Sound generator integrated circuit

Philips SAA1099
| Pin | Name | Dir | Description |
| 1 | /WR | | Write Enable |
| 2 | /CS | | Chip Select |
| 3 | A0 | | Control/Address Select |
| 4 | OutR | | Sound Output Right |
| 5 | OutL | | Sound Output Left |
| 6 | Iref | | Reference Current Supply |
| 7 | /DTACK | | Data Transfer Acknowledge |
| 8 | CLK | | External Clock |
| 9 | GND | | Ground |
| 10 | D0 | | Data Bus 0 |
| 11 | D1 | | Data Bus 1 |
| 12 | D2 | | Data Bus 2 |
| 13 | D3 | | Data Bus 3 |
| 14 | D4 | | Data Bus 4 |
| 15 | D5 | | Data Bus 5 |
| 16 | D6 | | Data Bus 6 |
| 17 | D7 | | Data Bus 7 |
| 18 | Vcc | | Power +5V |

The Philips SAA1099 sound generator is a 6-voice sound chip used by some 1980s devices.

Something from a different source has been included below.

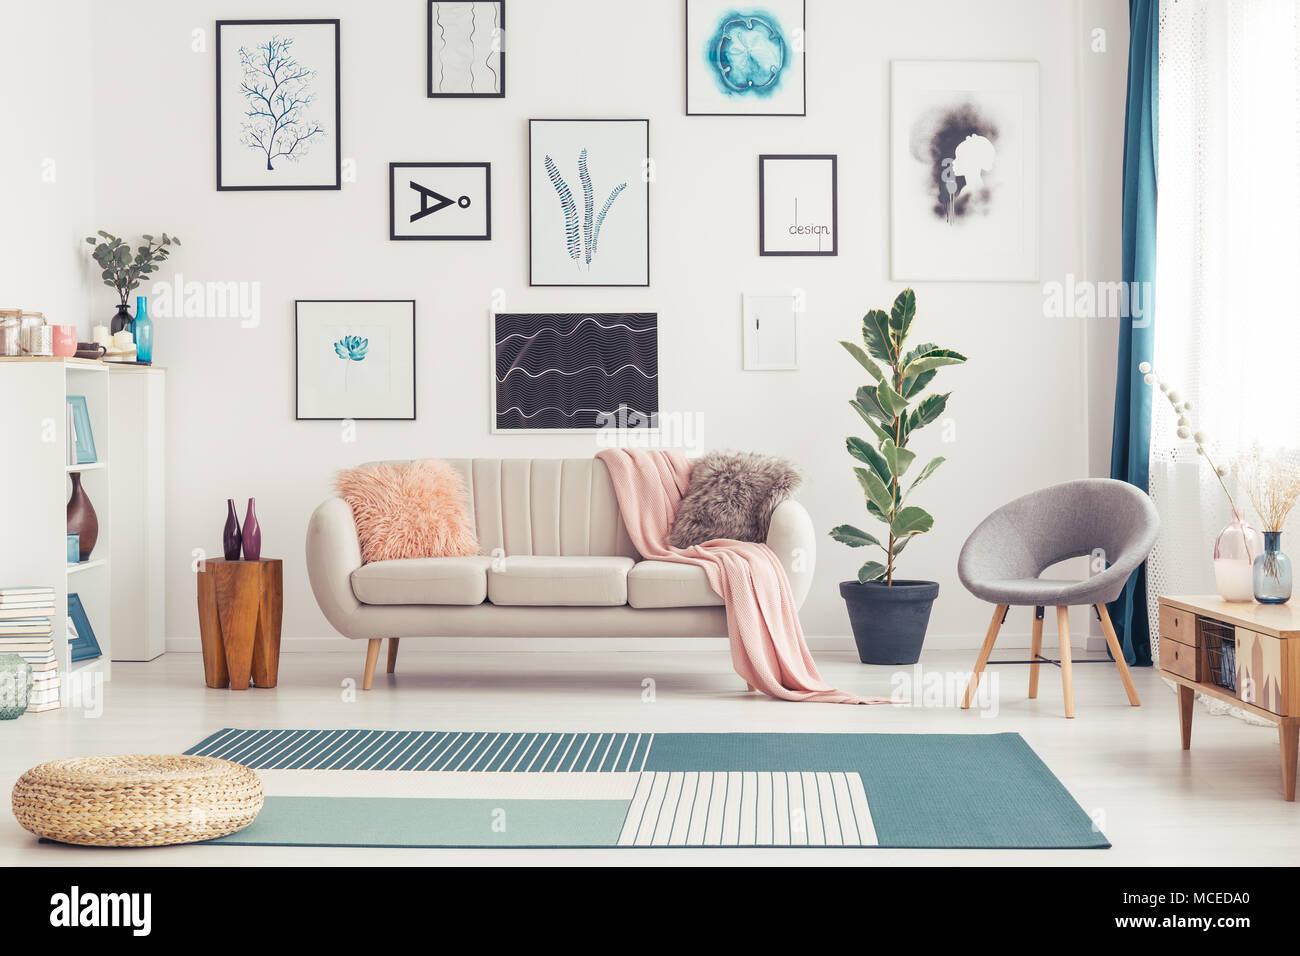 Pouf auf blauen Teppich in geräumigen rosa Wohnzimmer Interieur mit ...

It can produce several different waveforms by locking the volume envelope generator to the frequency generator, and also has a noise generator with 3 preset frequencies which can be locked to the frequency generator for greater range. It can output audio in fully independent stereo.

== Uses ==
The following sound cards and computers used the SAA1099:
- Silicon Graphics IRIS Professional 4D and IRIS Power 4D machines, released in 1987 and 1988, used the SAA1099 on the IO2 and IO3 board for sound generation. Although this feature was almost never documented or used, the chip is present and usable if addressed directly.
- The Creative Music System (C/MS) by Creative Labs, released in 1987, and also marketed at RadioShack as the Game Blaster, released in 1988. These devices contain two SAA1099 chips, for twelve voices.
- The Creative Sound Blaster 1.0 card released in 1989 (and 1.5 and 2.0 as an optional addon), included the SAA1099 chips, in addition to the OPL2 chip (aka YM3812), which became much more popular.
- The British-made SAM Coupé computer released in 1989, with a single SAA1099 on the motherboard.
- Various Gaelco arcade games, the JPM System 5 family and the Barcrest MPU4 Video Board used the SAA1099.